Caution not being a part of their general strategy, the group of adventurers rush down the remaining path to investigate the mystery of ‘why would anyone be here before dawn’.
“Hey you,” yells Smashy, “what’d you do with all the water?”
“Nothing! Want to lift something heavy?” responds the figure.
“Hell yes,” Smashy says, stepping forward immediately. Stabby grabs him by the back of the shirt, keeping him from blindly walking into the theoretical path of the river. Illusion magic was a thing, and saying that they didn’t do anything with the water just for someone to walk into an illusion of no water was exactly the kind of bullshittery that wizards always pulled.
“No. Bad Smashy. We have to find out what’s up with a person before going to the blind trust portion of the relationship.”
“Oh right.”
“Shooty, put on the monocle of lies, would you?”
“On it.”
Shooty takes the piece of glass and places it over his eye. The thing probably wasn’t originally a monocle, but now that they’d wrapped it in wire and put a chain on it the truth of the matter was clear. It was a lens of magic which made you look dapper while you could see when someone lied.
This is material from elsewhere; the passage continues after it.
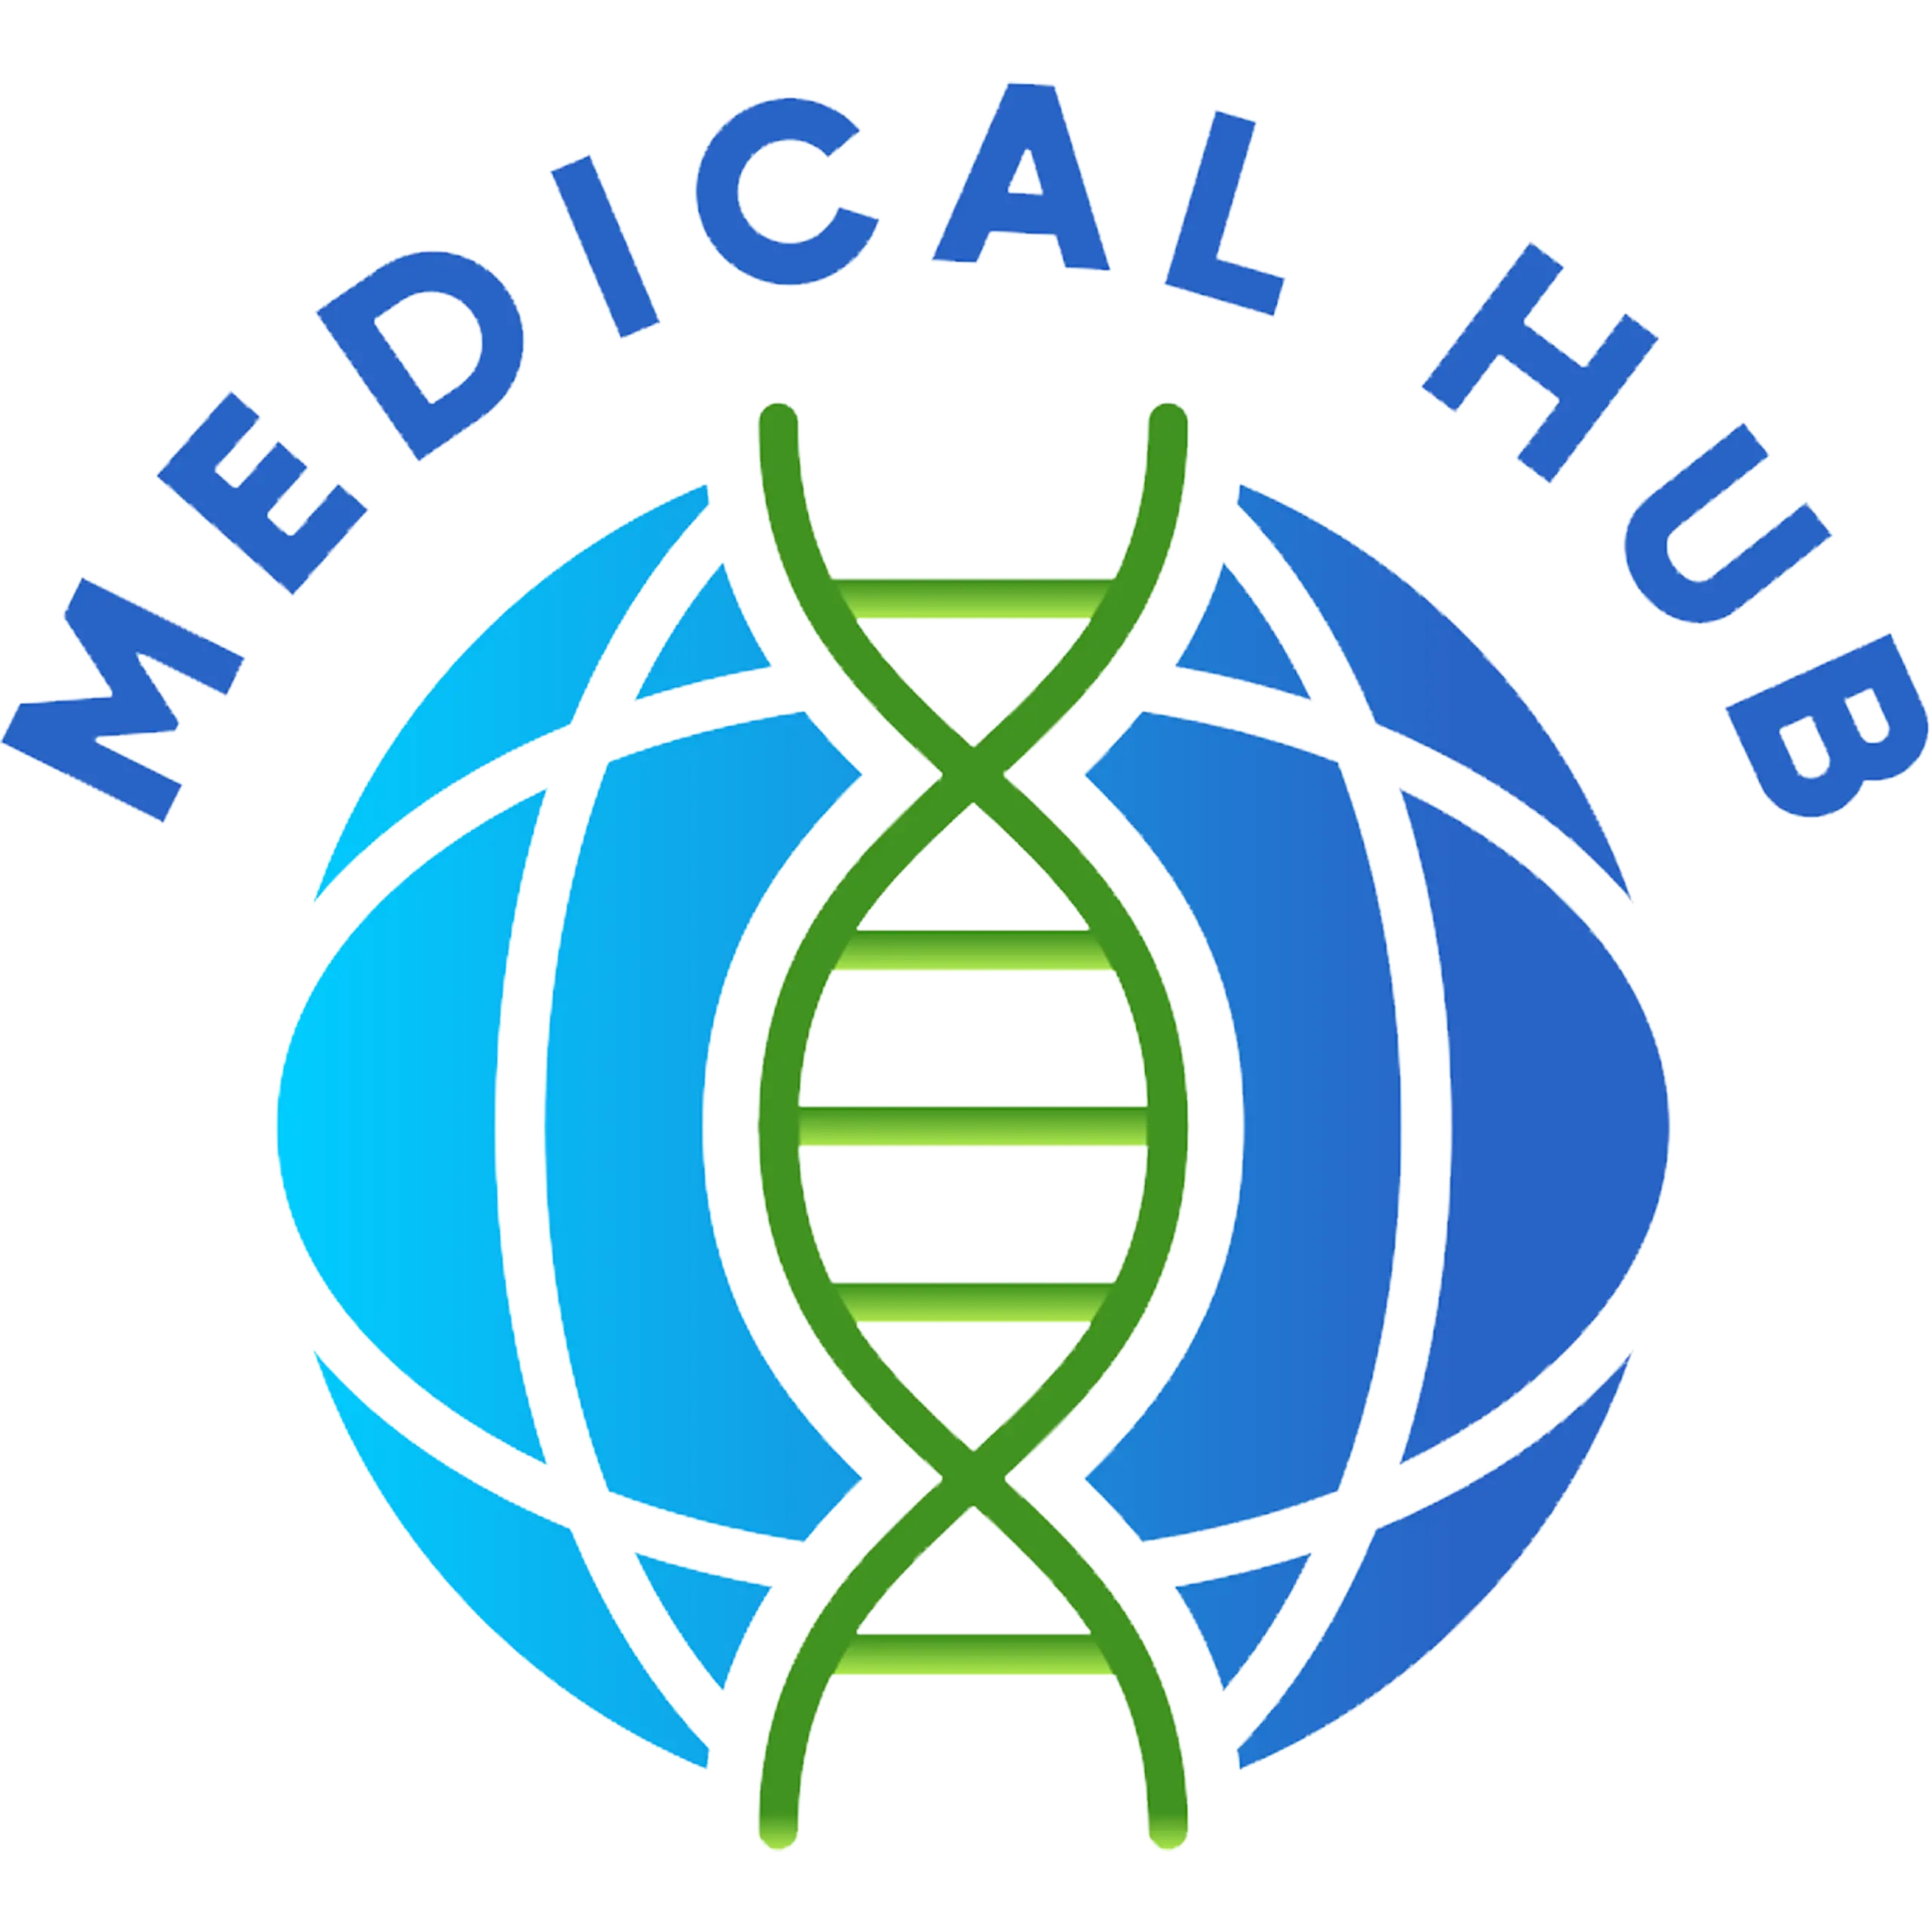 Medical Hub

“Are you trying to set us up for a fall?” asks Stabby bluntly. Just because he was the most charismatic out of this group didn’t mean he was some paragon of fast talkery. This was more along the lines of comparing various amounts of copper when there was gold on the table. Nevertheless, with enough magical assistance base competence was barely even relevant.
“Whaat, of course not. I just need this rectangle flipped over,” the hengeyokai said. “It’s a solid chunk of metal, and there’s no way I’m strong enough to do it on my own.”
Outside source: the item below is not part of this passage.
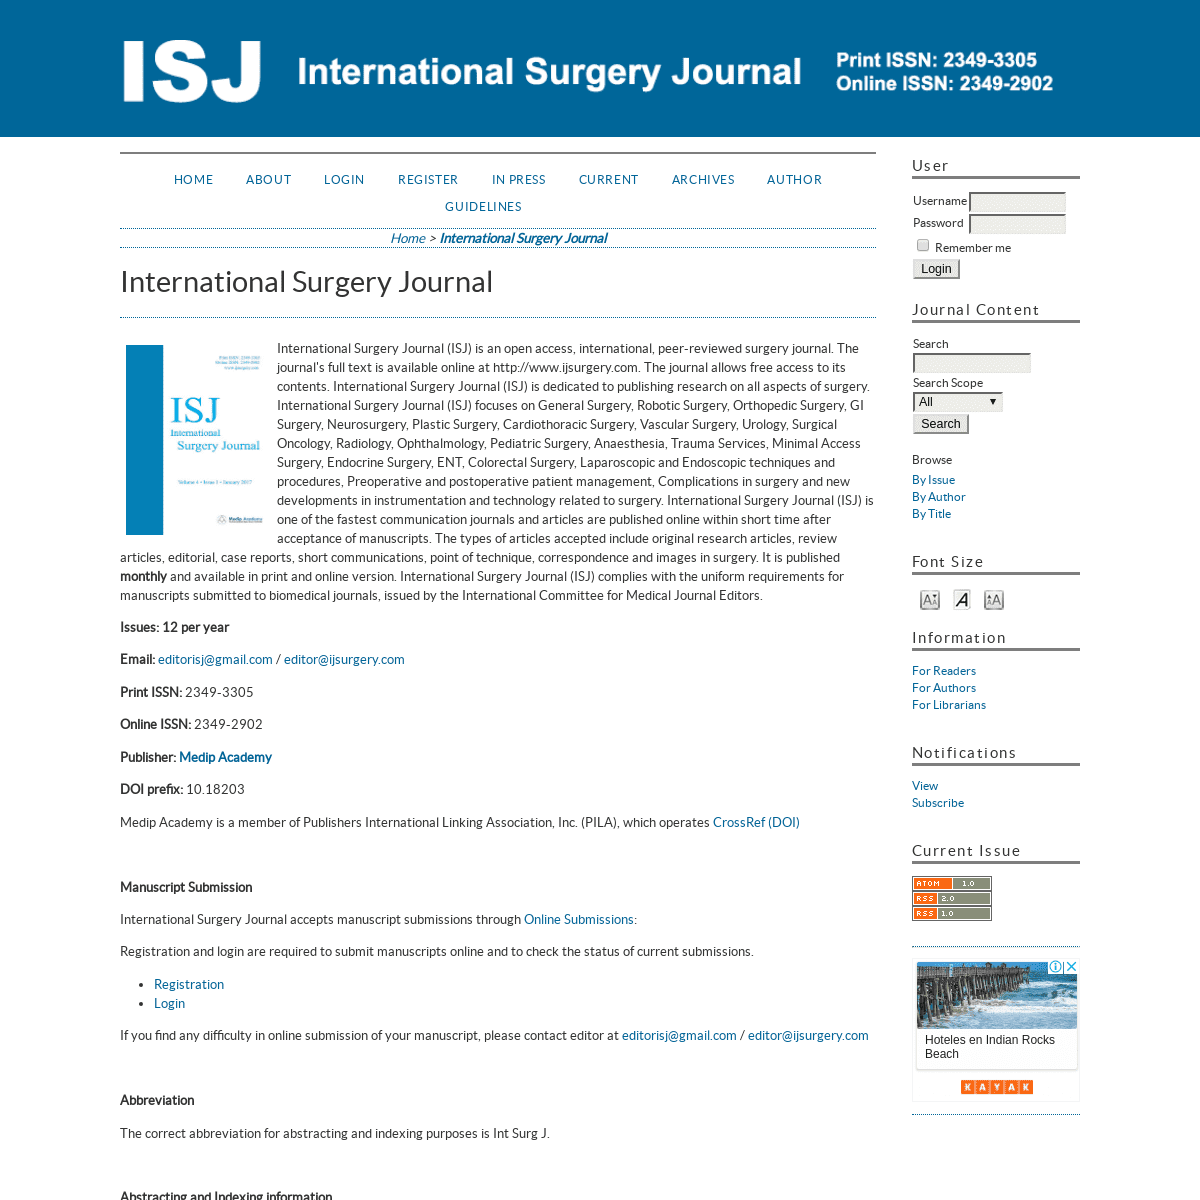 A complete backup of ijsurgery.com

Looking toward Shooty, Stabby is reassured that there were no lies in that. Nonverbal communication being an essential part of any kind of reconnaissance work, they had long since come up with a number of symbols for various situations. For example, shaking the head left and right meant ‘no’.
“Alright, what’s in it for us though? That’s some heavy work you’re offering here.”
“I have two things on offer, a block of metal and information.”
“Both of those then.”
“I’m assuming you like money. There’s a door up that path on the other side of the ravine that leads to a hole that wasn’t there two days ago. More information can come after some work.”
Stabby grabs the other two, and turns them around into an inward facing circle. He bends his head down low, and pulls the other heads down to his level.
“Smashy, think you can handle that?”
“Probably. I’m hella stronk.”
“Shooty, got a read on him?”
“He hasn’t lied once. Or the monocle’s not working. One of the two.”
“Great. I’ll get him to lie.”
Turning back, he asks the creature, “Is it true or false when I say ‘This sentence is false’?”
“No.”
Shooty shakes his head.
“Damn. Ok, is the answer to this question 'no'?"
“Nah.”
“Damn it! Ok, how many hairs does a head need before they’re no longer bald?”
“Any individual head exists in a quantum superposition of bald and not bald until the waveform is collapsed by an outside observer, resulting in that particular observer finding the participant to be bald or not bald.”
“Just tell me a lie so we can get a baseline.”
“Why didn’t you just say that’s what you needed? You’re very good at this.”
At that Shooty nods his head at Stabby.
“Fine, Smashy, flip the sheet of metal.”